From: Xueshi Hu <xueshi.hu@smartx.com>
To: Mike Kravetz <mike.kravetz@oracle.com>
Cc: akpm@linux-foundation.org, linux-mm@kvack.org, muchun.song@linux.dev
Subject: Re: [PATCH 1/3] mm/hugetlb: fix the inconsistency of /proc/sys/vm/nr_huge_pages
Date: Wed, 2 Aug 2023 15:31:07 +0800 [thread overview]
Message-ID: <hyuifebwdkyhrn2s2rjwlsuh7ficbbqhrs3qigis3gal4if2pz@m6flznizw4cc> (raw)
In-Reply-To: <20230801184942.GA6544@monkey>
On Tue, Aug 01, 2023 at 11:49:42AM -0700, Mike Kravetz wrote:
> On 08/01/23 20:22, Xueshi Hu wrote:
> > On Tue, Aug 1, 2023 at 6:17 AM Mike Kravetz <mike.kravetz@oracle.com> wrote:
> > >
> > > On 07/30/23 20:51, Xueshi Hu wrote:
> > > > When writing to /proc/sys/vm/nr_huge_pages, it indicates global number of
> > > > huge pages of the default hstate. But when reading from it, it indicates
> > > > the current number of "persistent" huge pages in the kernel's huge page
> > > > pool.
> > > >
> > > > There are currently four interfaces used to export the number of huge
> > > > pages:
> > > > - /proc/meminfo
> > > > - /proc/sys/vm/*hugepages*
> > > > - /sys/devices/system/node/node0/hugepages/hugepages-2048kB/*
> > > > - /sys/kernel/mm/hugepages/hugepages-2048kB/*
> > > >
> > > > But only the /proc/sys/vm/nr_huge_pages provides the 'persistent'
> > > > semantics when reading from it. This inconsistency is very subtle and can
> > > > be easily misunderstood.
> > >
> > > Thanks for looking into this.
> > >
> > > The hugetlb documentation (./admin-guide/mm/hugetlbpage.rst) mentions
> > > the term 'persistent hugetlb pages', but never provides a definition.
> > >
> > > We can get the definition from the code as:
> > > #define persistent_huge_pages(h) (h->nr_huge_pages - h->surplus_huge_pages)
> > >
> > > Further, the documentation says:
> > > "The ``/proc/meminfo`` file provides information about the total number of
> > > persistent hugetlb pages in the kernel's huge page pool."
> > >
> > > "``/proc/sys/vm/nr_hugepages`` indicates the current number of "persistent"

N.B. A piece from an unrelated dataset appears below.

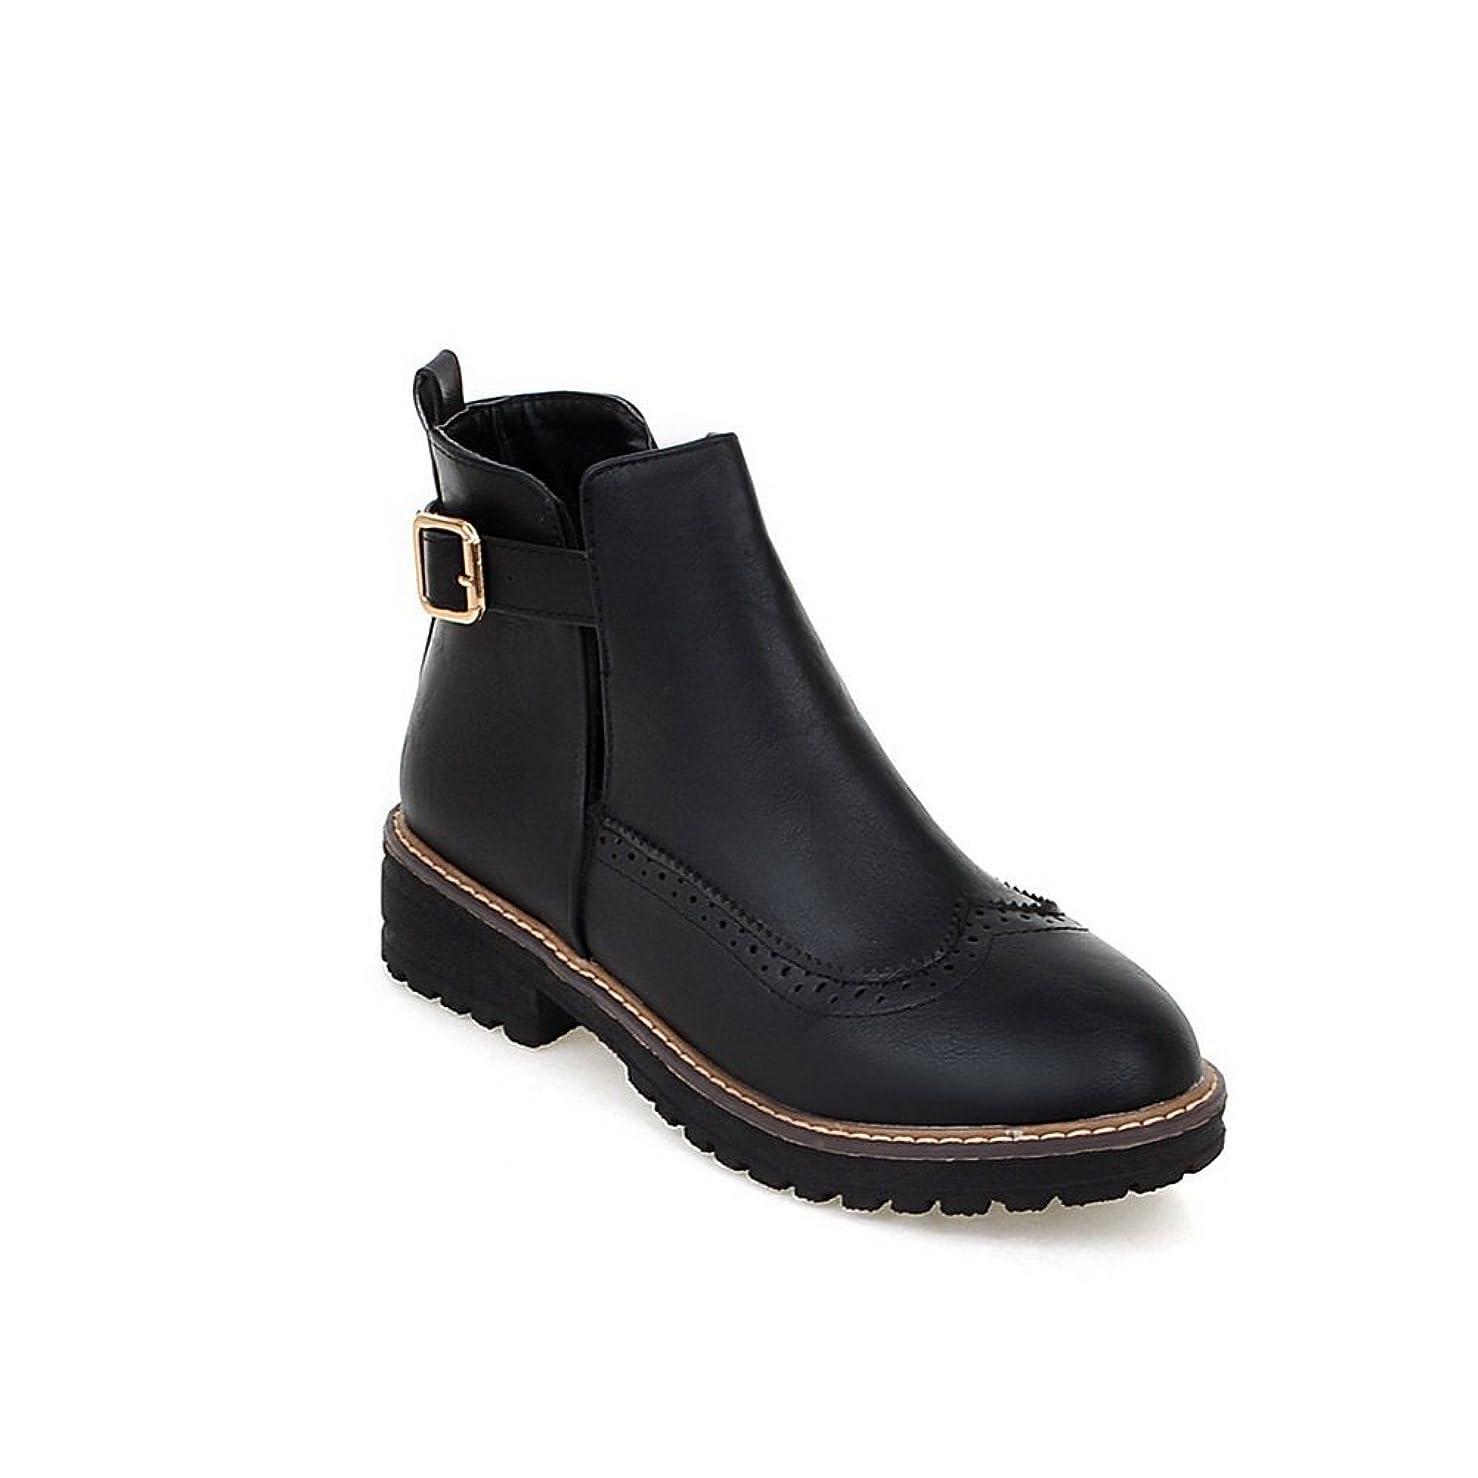 耐えられない薬を飲む天才[BalaMasa] ウィメンズ ファッションチェックのハイヒール プラットフォーム コンフォート 滑り止めソール 透かしのレオパード Puの皮 ブーツ?ブーティ
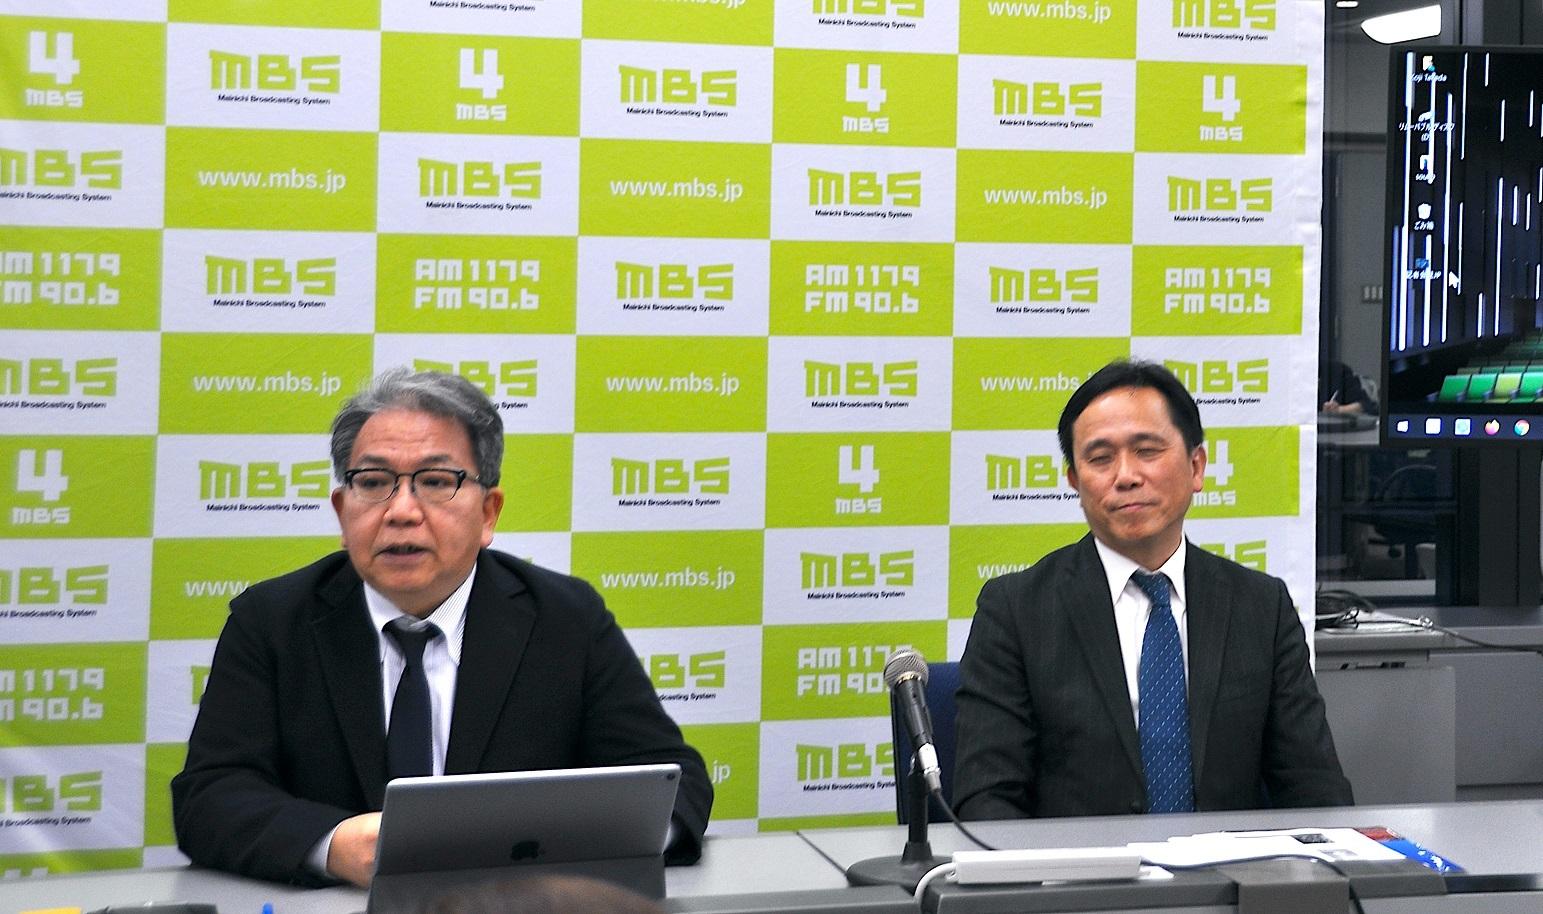 記者会見で説明する「MBSメディアホールディングス」の黒田雅浩氏(左)と武田浩治氏(右)。 撮影=吉永美和子

> > > huge pages in the kernel's huge page pool."
> > >
> > > "The administrator may shrink the pool of persistent huge pages for
> > > the default huge page size by setting the ``nr_hugepages`` sysctl to a
> > > smaller value."
> > >
> > > So, the documentation implies that these interfaces should display the
> > > number of persistent hugetlb pages. As you have discovered, all but the
> > > sysctl interface (and /proc/sys/vm/nr_hugepages) displays the total
> > > number of hugetlb pages rather than the number of persistent hugetlb
> > > pages.
> > >
> > > If we wanted to match the documentation, it seems we should change all
> > > the "show" interfaces to display persistent huge pages. However, I am a
> > > bit concerned about how this may impact end users.
> > >
> > > There are two types if inconsistencies in these interfaces.
> > > 1) As this patch points out, not all "show" interfaces provide the same
> > > information. sysctl (/proc/sys/vm/nr_hugepages) displays the number
> > > of persistent hugetlb pages, while the others display the total number
> > > of hugetlb pages.
> > > 2) The show/read interfaces generally provide the total number of
> > > hugetlb pages, and the update/write interfaces update the number of
> > > persistent hugetlb pages.
> > >
> > > Both of these situations can lead to user confusion. My 'guess' is that
> > > this has not been a widespread issue as most hugetlb users do not
> > > configure overcommit/surplus hugetlb pages and thus total number of
> > > hugetlb pages is the same as number of persistent hugetlb pages.
> > >
> > > Right now, I would suggest making all these interfaces display/take the
> > > number of persistent hugetlb pages for consistency. This also matches
> > > the documentation.
> > >
> > > Thoughts?
> > I am concerned that modifying it this way may result in an weaker control
> > over hugetlb pages. Administrator will no longer be able to increase
> > surplus pages through the nr_hugepages interface.
> >
> > Since surplus pages depend on the state of programs in the entire
> > system, adjusting nr_hugepages may lead to an unexpected number of
> > hugetlbs allocated which may leads to oom.
>
> Sorry, I am not sure I understand your concerns.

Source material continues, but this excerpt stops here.